Researchers at the University of Canterbury (Christchurch, New Zealand) have been developing silver planar lenses that have a negative real refractive index (see Laser Focus World, July 2004, p. 11). Potential negative-refractive-index (NRI) materials include metamaterials constructed of arrays of subwavelength resonant structures (demonstrated at microwave frequencies) and thin films of certain metals (demonstrated at optical frequencies). Optics made from NRI materials can have unusual properties that include the ability of all-planar optics to form focusing systems, which is just what the silver planar lens does.
Now, the researchers have demonstrated another property predicted for certain NRI optics, called superlenses: super-resolution or resolution below the diffraction limit.1 Because the silver planar lens is a near-field device, it is not directly violating the Rayleigh (or other similar) resolution criterion, which is derived for imaging in the far field. For example, a near-field fiberoptic probe can also create spot sizes below the diffraction limit. The planar lens, however, potentially can be scaled up to create a super-resolved image of a very large area-limited, in fact, only by considerations such as mechanical feasibility, rather than constraints imposed by the optics themselves.
The 50-nm-thick planar silver lens is fabricated on a glass mask support containing a thin-film tungsten pattern, but is sandwiched between two layers of clear dielectric (either polymer or fused silica). The two clear layers, a few tens of nanometers in thickness, space the lens away from both the object and the image, giving the lens room to operate; the first layer also planarizes the tungsten pattern. The structure is vacuum-contacted with a photoresist- and antireflection-coated wafer; exposure with 365‑nm light creates an image in the resist. Image resolution to 170 nm was achieved. Although resolution below the 243‑nm diffraction limit was poor, the researchers claim that the fact that the lens resolved at all confirms a controversial superlensing proposal.2
Not just proximity printing
“The silver superlens work is different from simple proximity printing in one important aspect,” explains Richard Blaikie, one of the researchers. “In proximity printing, the image quality (for example, image contrast) degrades as one goes away from the object, so the best image is always formed in intimate contact, whereas with the silver superlens the image contrast is maximized at some distance below the silver (which depends on the thickness of the silver, the wavelength, and the types of dielectric spacers used). The important result of this is that a near-field optical system can then be designed with a nonzero working distance for which the imaging performance is optimized, instead of having to use intimate contact to get subwavelength resolution or trading off resolution against object-to-image separation (see figure).”
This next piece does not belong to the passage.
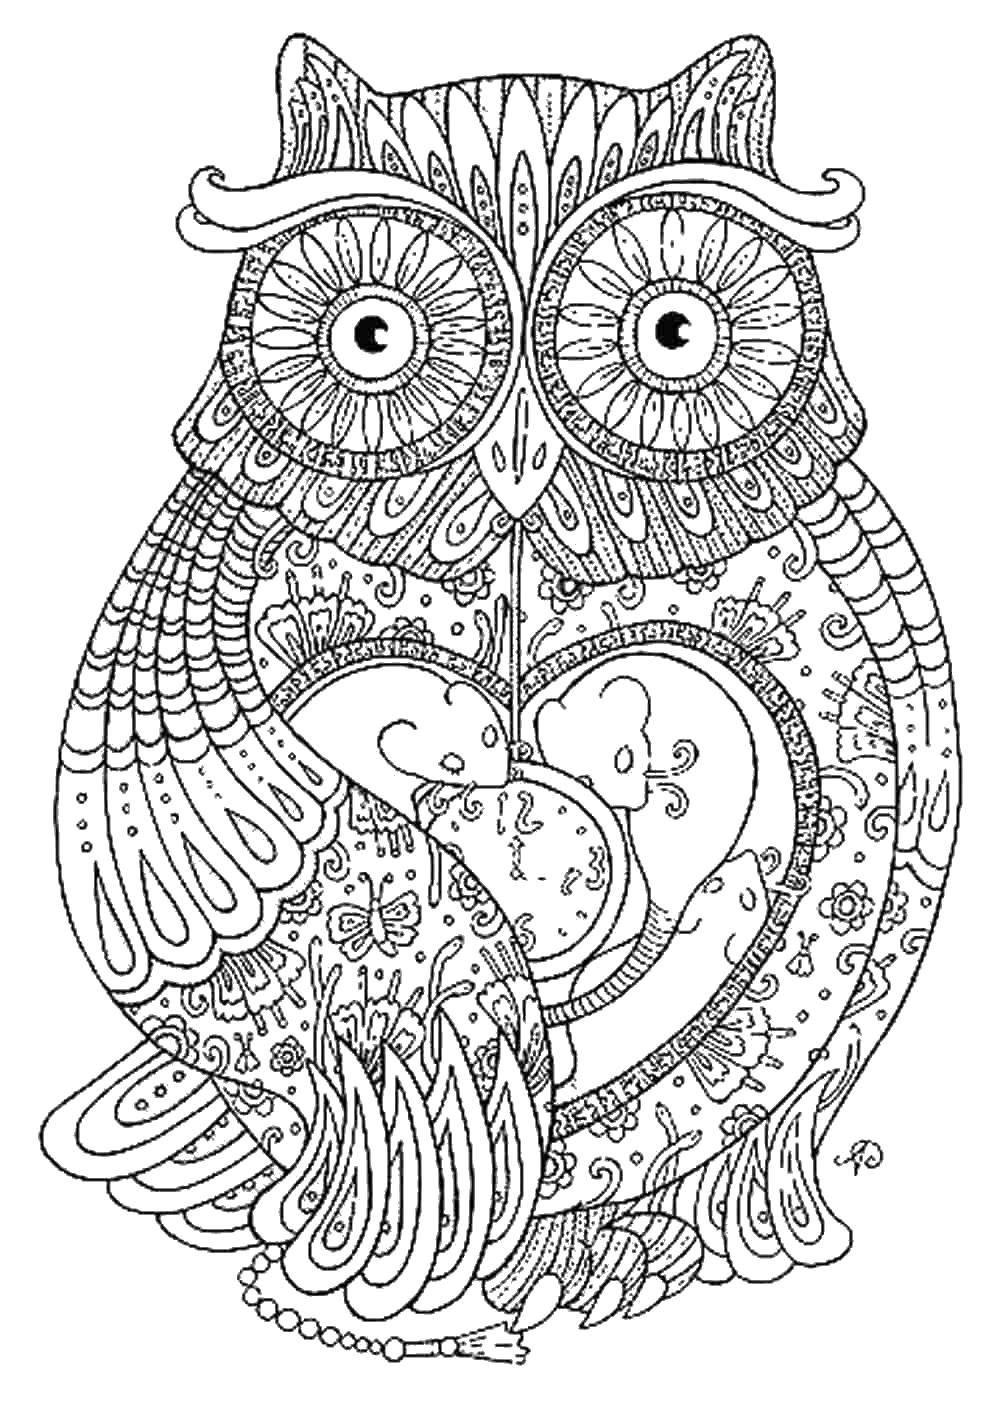 Coloring The owl is covered with patterns. Category For teenagers. Tags:  Bathroom with shower.

For silver, the superlensing effect is limited to wavelengths above 340 nm (corresponding to the plasma frequency for silver), for which the material has a negative real part of its dielectric constant and low loss, explains Blaikie. The longest wavelength at which it should be possible to observe superlensing in silver is limited by the need to use dielectric spacers that provide a form of impedance-matching across the silver-dielectric interface. “With appropriate high-index dielectrics (for example, semiconductors), operation at wavelengths of up to 500 nm should be possible,” he says. “Other metals should be possible (for example, gold, copper, or aluminum), but each will have its own wavelength range determined by its plasma frequency, and resolution limits determined by inherent material losses.”
The techniques can be used for imaging nonperiodic structures, says Blaike. “We have done this for isolated lines and line pairs with center-to-center spacings of less than 300 nm (that is, subwavelength),” he says. “We have focused on presenting results for periodic structures, as these give the ultimate test of resolution.”
1. D. O. S. Mellvile and R. J. Blaikie, Optics Express 13(6) (March 21, 2005).
2. J. B. Pendry, Physical Rev. Lett. 85, 3966 (2000).